• [EXERCISE] In the records below, the relevant part opens with the line containing "Ein atemberaubender, feiner" and closes with the line containing "Dieser atemberaubende, edle"; print that part exactly and only, without its pictures.
*** PROVIDED INFORMATION
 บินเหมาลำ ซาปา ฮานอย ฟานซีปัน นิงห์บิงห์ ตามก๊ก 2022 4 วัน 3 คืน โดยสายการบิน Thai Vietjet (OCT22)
******
*** PROVIDED INFORMATION
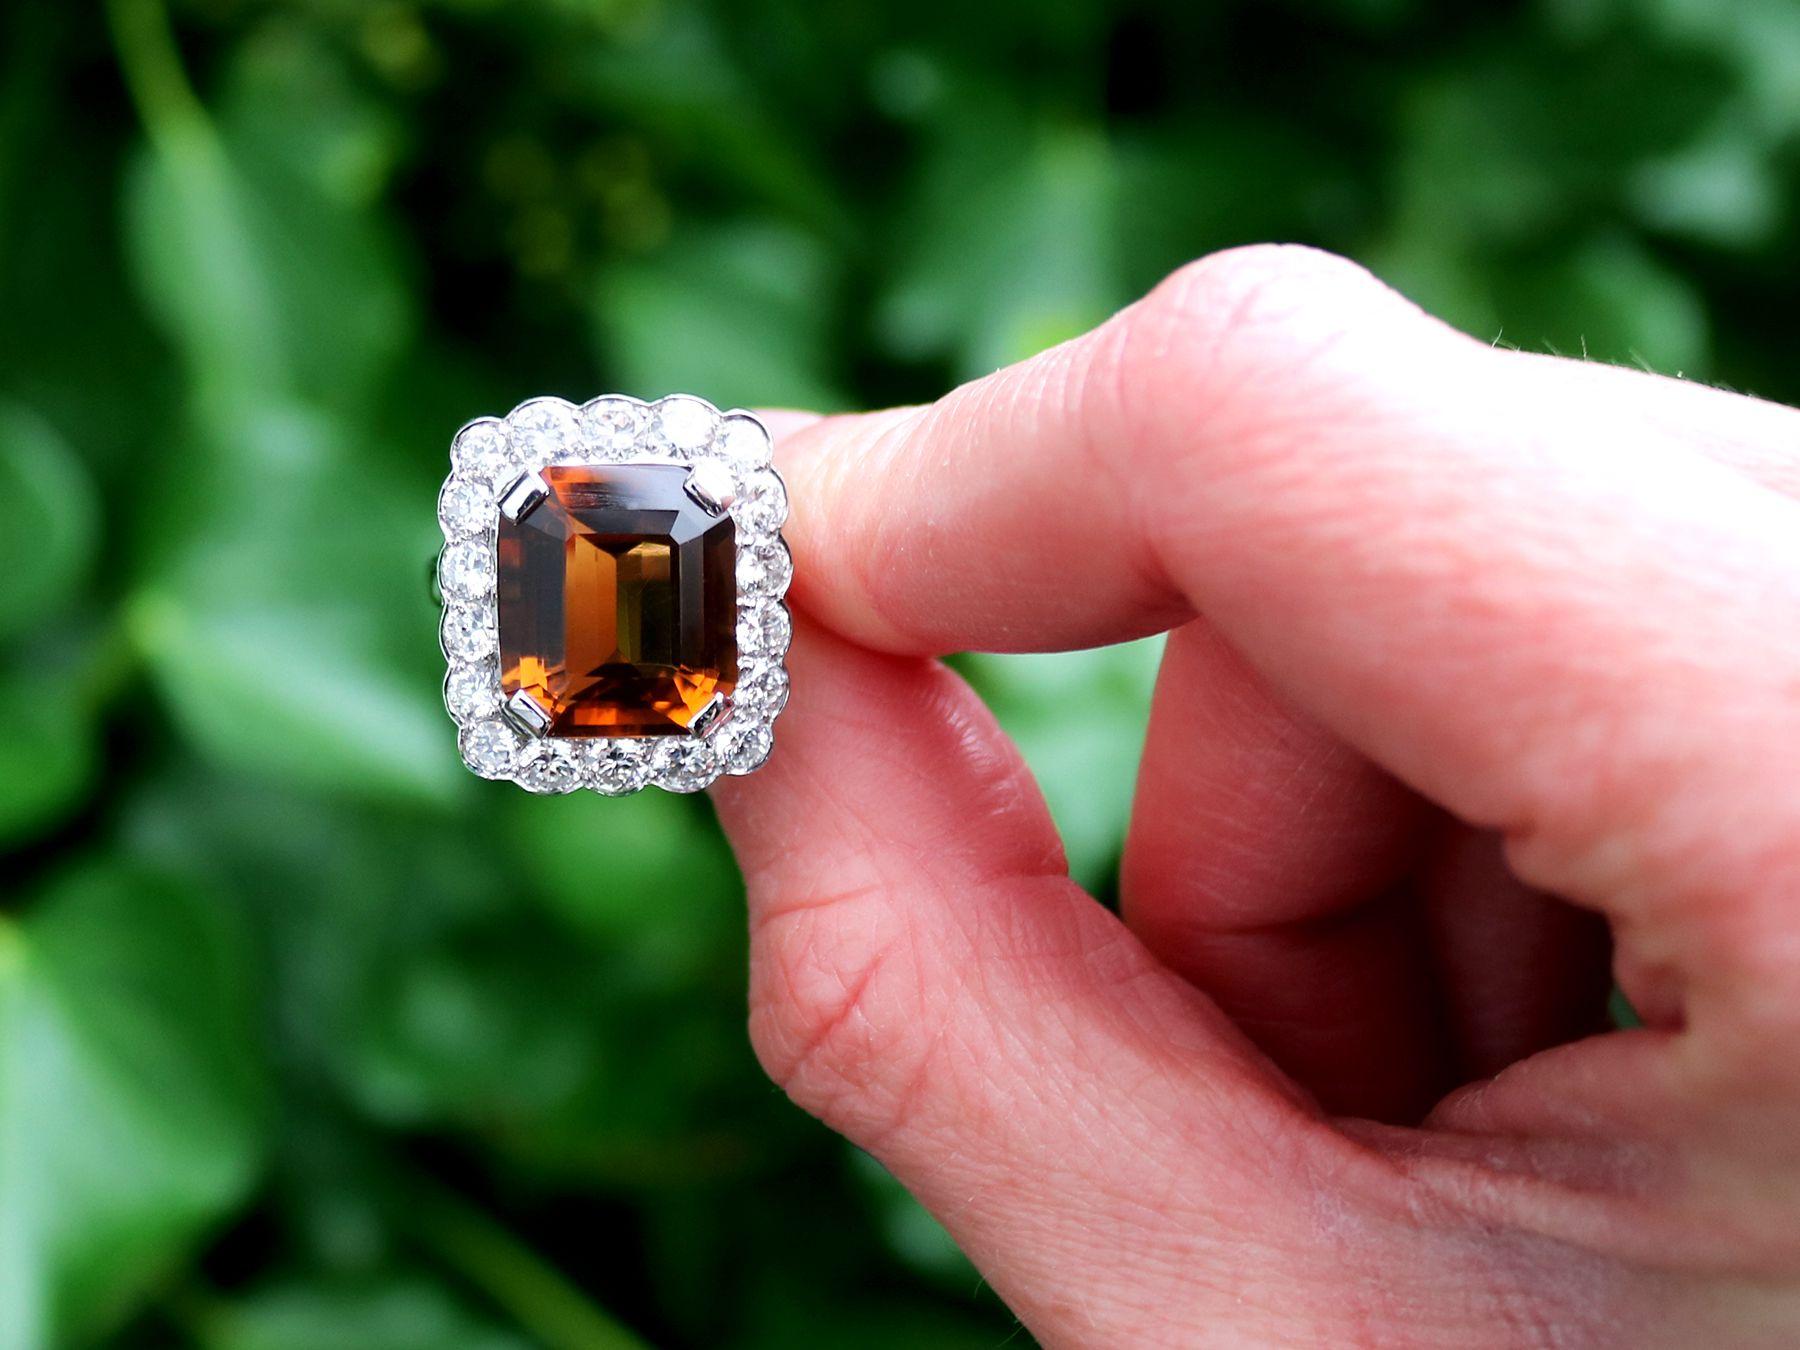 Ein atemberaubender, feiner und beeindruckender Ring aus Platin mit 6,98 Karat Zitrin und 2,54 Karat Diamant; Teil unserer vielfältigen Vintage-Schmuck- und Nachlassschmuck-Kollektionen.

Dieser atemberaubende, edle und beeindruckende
******
• [RESPONSE TO THE EXERCISE]
 Ein atemberaubender, feiner und beeindruckender Ring aus Platin mit 6,98 Karat Zitrin und 2,54 Karat Diamant; Teil unserer vielfältigen Vintage-Schmuck- und Nachlassschmuck-Kollektionen.

Dieser atemberaubende, edle und beeindruckende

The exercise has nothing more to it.